Infections and Cancer Epidemiology Group
The Infections and Cancer Epidemiology Group (ICE) provides regular global estimates of the cancer burden attributable to infections as key public health policy indicators, incorporating new data and an improved methodology. Etiological priorities include establishing the population attributable fraction of HIV for cancer (particularly cervical cancer) and of Epstein–Barr virus for non-Hodgkin lymphoma and gastric carcinoma, as well as collating evidence on strongly suspected causal associations (e.g. hepatitis B virus and non-Hodgkin lymphoma, hepatitis C virus and cholangiocarcinoma) through new molecular epidemiology studies and/or meta-analyses.

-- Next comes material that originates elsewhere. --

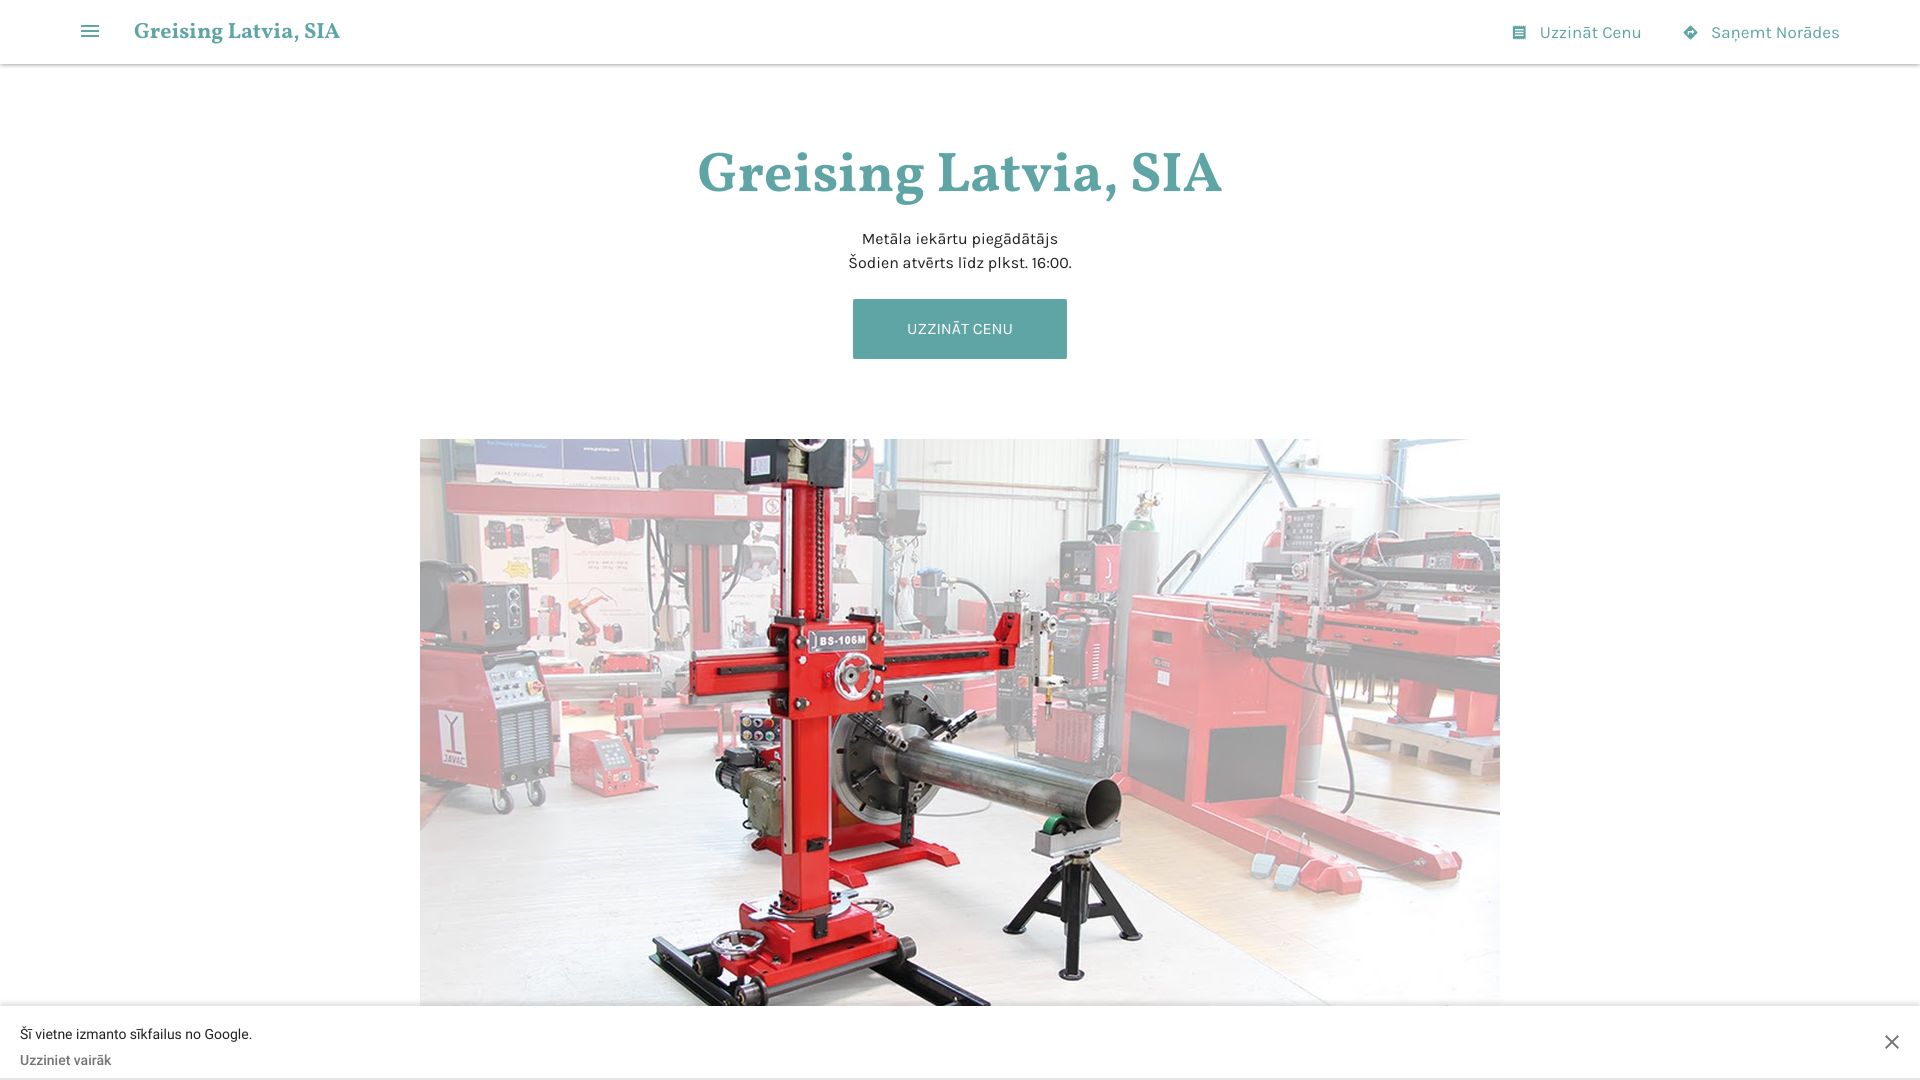 https://greising-latvia-sia.business.site/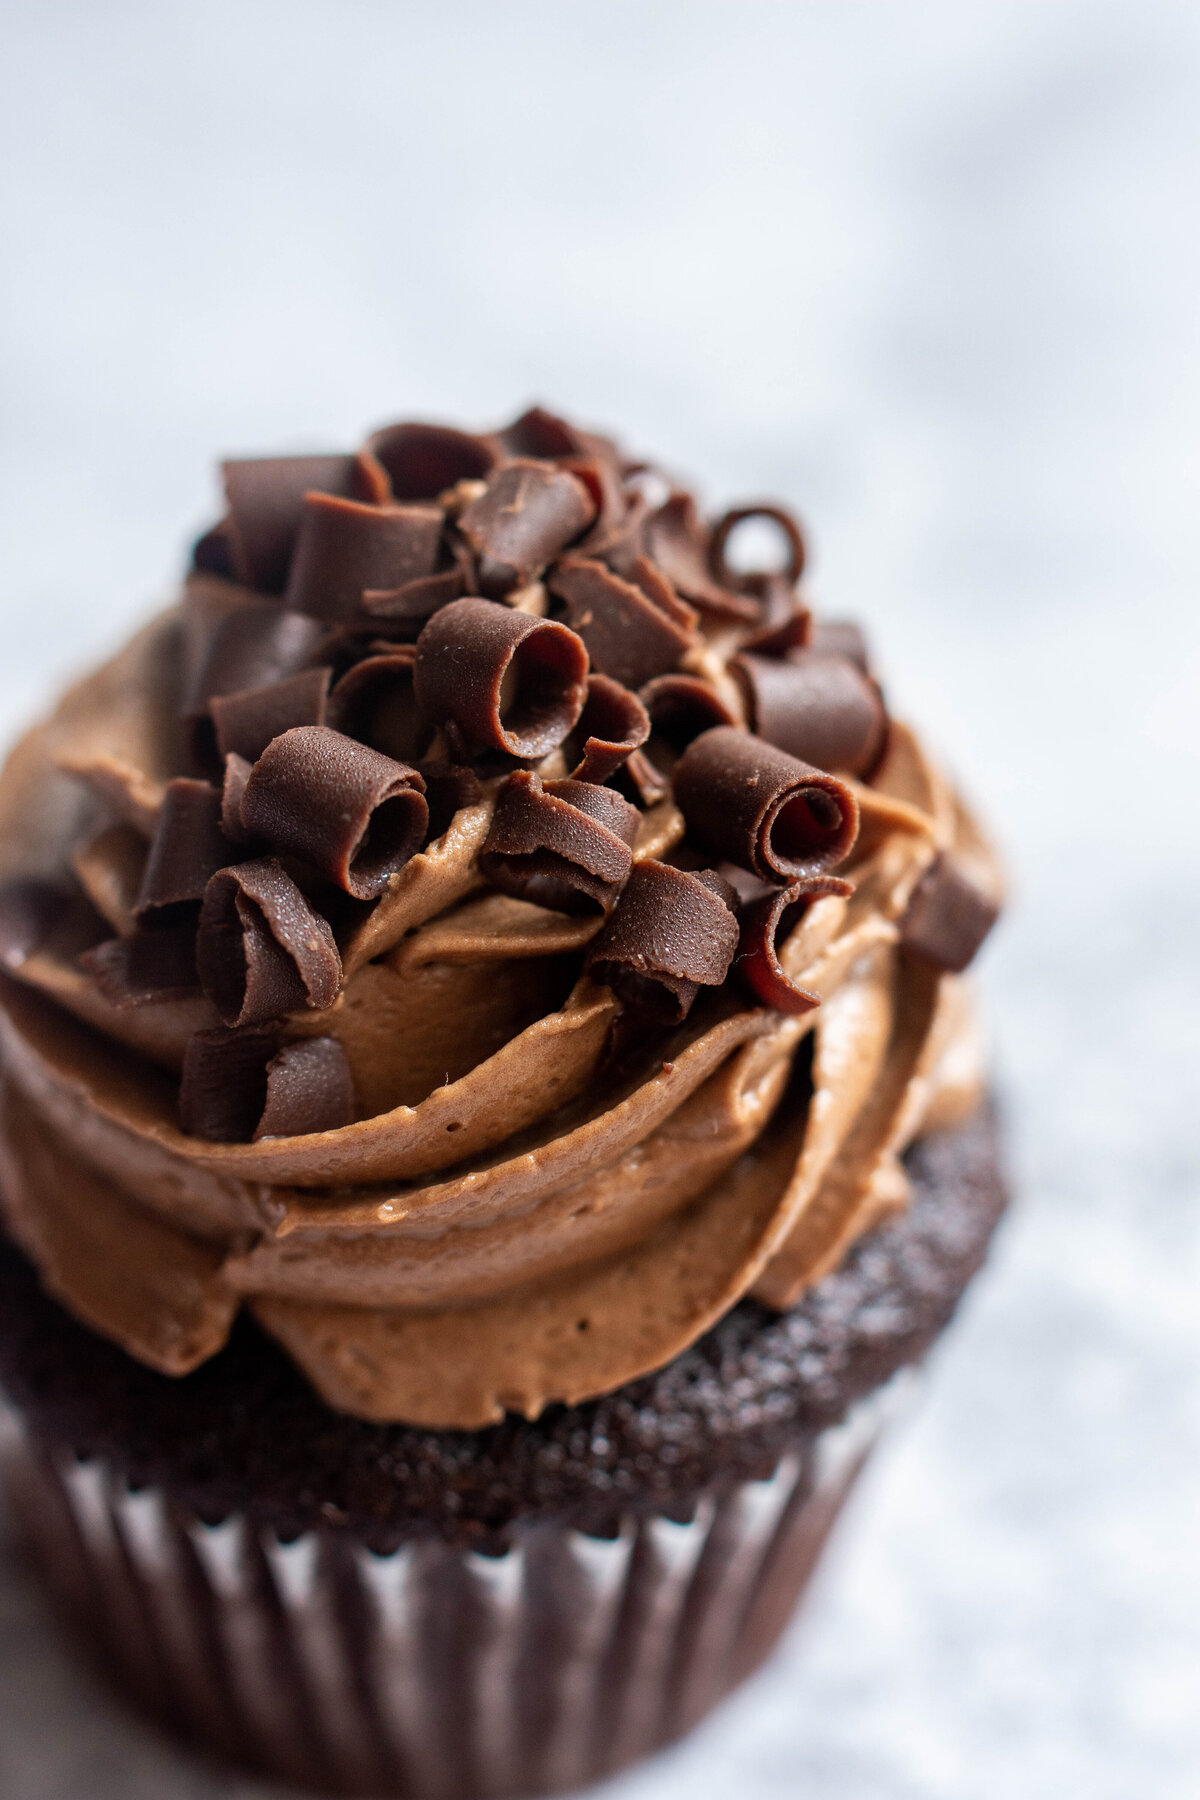 Closeup image of a chocolate cupcake

ICE leads collaborative re-analyses and multicentre molecular epidemiological studies to address pertinent hypotheses in infection-attributable cancer research that cannot be addressed by any single study. A good example of this is human papillomavirus (HPV)-related anal cancer, which is rare at a global level but has an elevated incidence in certain high-risk groups, requiring a broad range of epidemiological approaches to understanding its natural history, including interaction with HIV, to inform prevention.
Research on HPV and cervical cancer is well advanced on the pathway from discovery to application in public health policy. As the emphasis increasingly shifts towards the implementation of existing tools and the World Health Organization (WHO) strategy for the global elimination of cervical cancer as a public health problem, a research priority in ICE is to evaluate (through the generation of original data on effectiveness from low- and middle-income countries), as well as to model, the impact of cervical cancer control programmes, particularly HPV vaccination.
ICE liaises with WHO to ensure efficient provision of the most relevant research outcomes and advice for global prevention strategies for infection-attributable cancers.